# Thinking of going to the New Forest for a few days......



## izwozral (Mar 18, 2020)

.............just wondering if anyone has any suggestions, places seem few and far between on the POI'. 

Pubs stops are out unfortunately.

Thanks in advance.


----------



## Asterix (Mar 18, 2020)

Even if you find a park up you risk getting moved on at some ungodly hour,I'd give the place a miss.


----------



## bartman (Mar 18, 2020)

I can't see you getting an undisturbed overnight stay within the New Forest, the official car parks are strictly monitored - and don't even think about driving onto an unsurfaced area at the moment, in most places you'll be up to the axles! 
I usually draw the line at using an LR on an A road, but the LR Landford on the A36 south of Salisbury is very close to the forest, and is well set back from the main road and screened by trees. Might be worth a look on Google maps.


----------



## TJBi (Mar 18, 2020)

The reason for the scarcity of POIs is that overnighting in the New Forest National Park is not permitted other than in designated, chargeable locations.
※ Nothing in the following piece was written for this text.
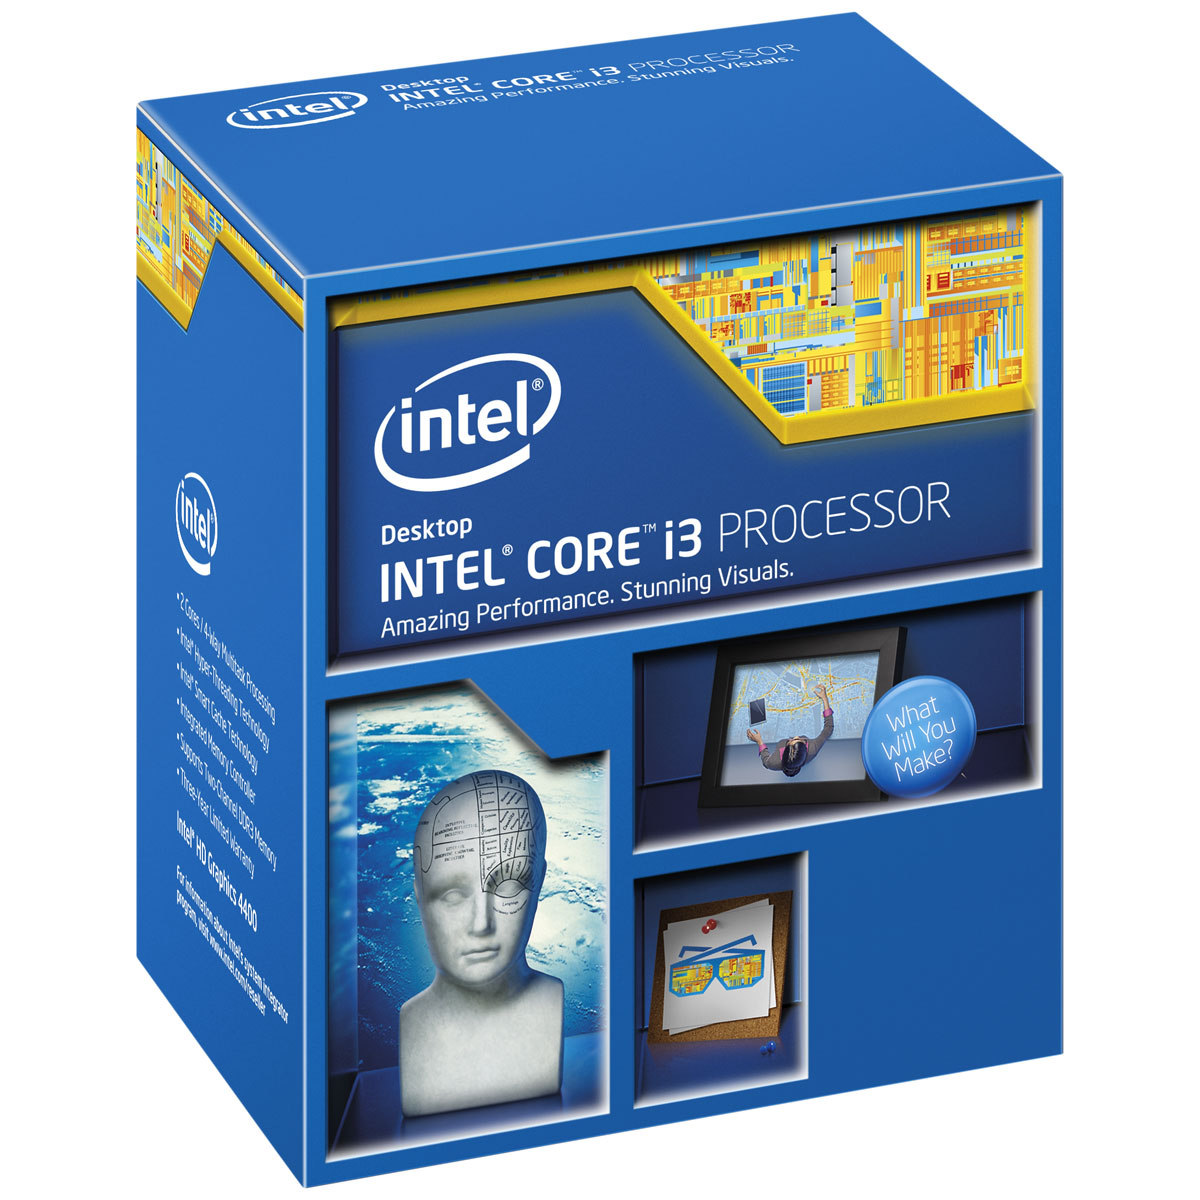 Processeur Intel Core i3-4130 (3.4 GHz) Processeur Dual Core Socket 1150 Cache L3 3 Mo Intel HD Graphics 4400 0.022 micron (version boîte - garantie Intel 3 ans)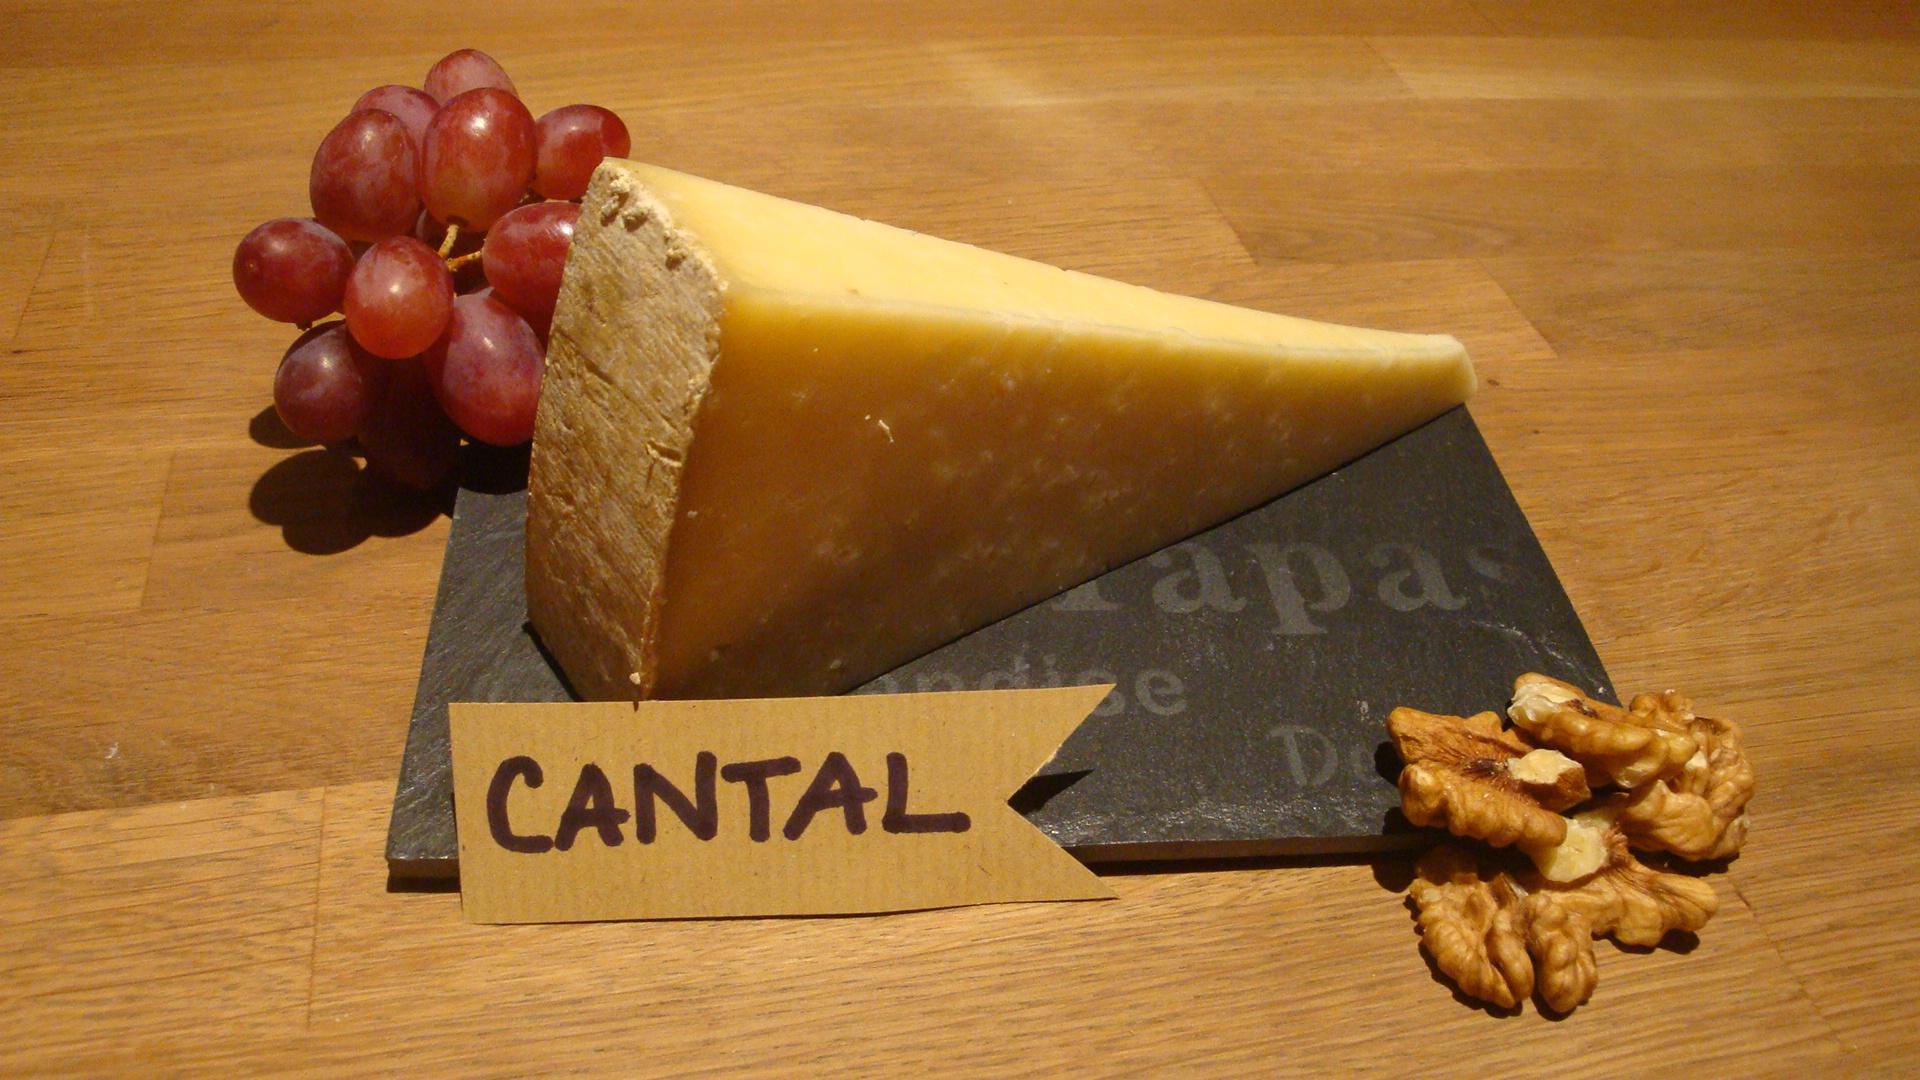 les fromages de clairette les fromages d 39 auvergne sont ils en forme les fromages de clairette. Black Bedroom Furniture Sets. Home Design Ideas

			https://www.newforestnpa.gov.uk/app/uploads/2018/02/1961_NFEG1_18_web.pdf
		

.


----------



## moonshadow (Mar 19, 2020)

https://www.campingintheforest.co.uk/england/new-forest/setthorns-campsite It's low season at the mo, prices from £13.50 for 2 adults but don't know if it's open given the current situation


----------



## Wooie1958 (Mar 20, 2020)

Might not be a good idea Ral, they don`t like motorhomes down there unless you are on one of the hideously expensive  priced campsites   

P.S.

Shouldn`t you be in solitary confinement


----------



## MrSoapsud (Mar 22, 2020)

Doesn't sound like "essential travel" to me.


----------



## Beemer (Mar 22, 2020)

MrSoapsud said:


> Doesn't sound like "essential travel" to me.



Perhaps a full timer?


----------



## mariesnowgoose (Mar 22, 2020)

Beemer said:


> Perhaps a full timer?



No, not a full timer.

Ral, if you're out there hope you and Izzy are safe, better get yourselves back home soonish if you've actually headed off somewhere already.


----------



## campervanannie (Mar 22, 2020)

Even Pooh and Piglet have got this


----------



## in h (Mar 22, 2020)

Going to the New Forest is iffy at any time. Downright stupid right now. 
Stay at home. Go this time next year. It may all be over by then.


----------



## izwozral (Mar 22, 2020)

mariesnowgoose said:


> No, not a full timer.
> 
> Ral, if you're out there hope you and Izzy are safe, better get yourselves back home soonish if you've actually headed off somewhere already.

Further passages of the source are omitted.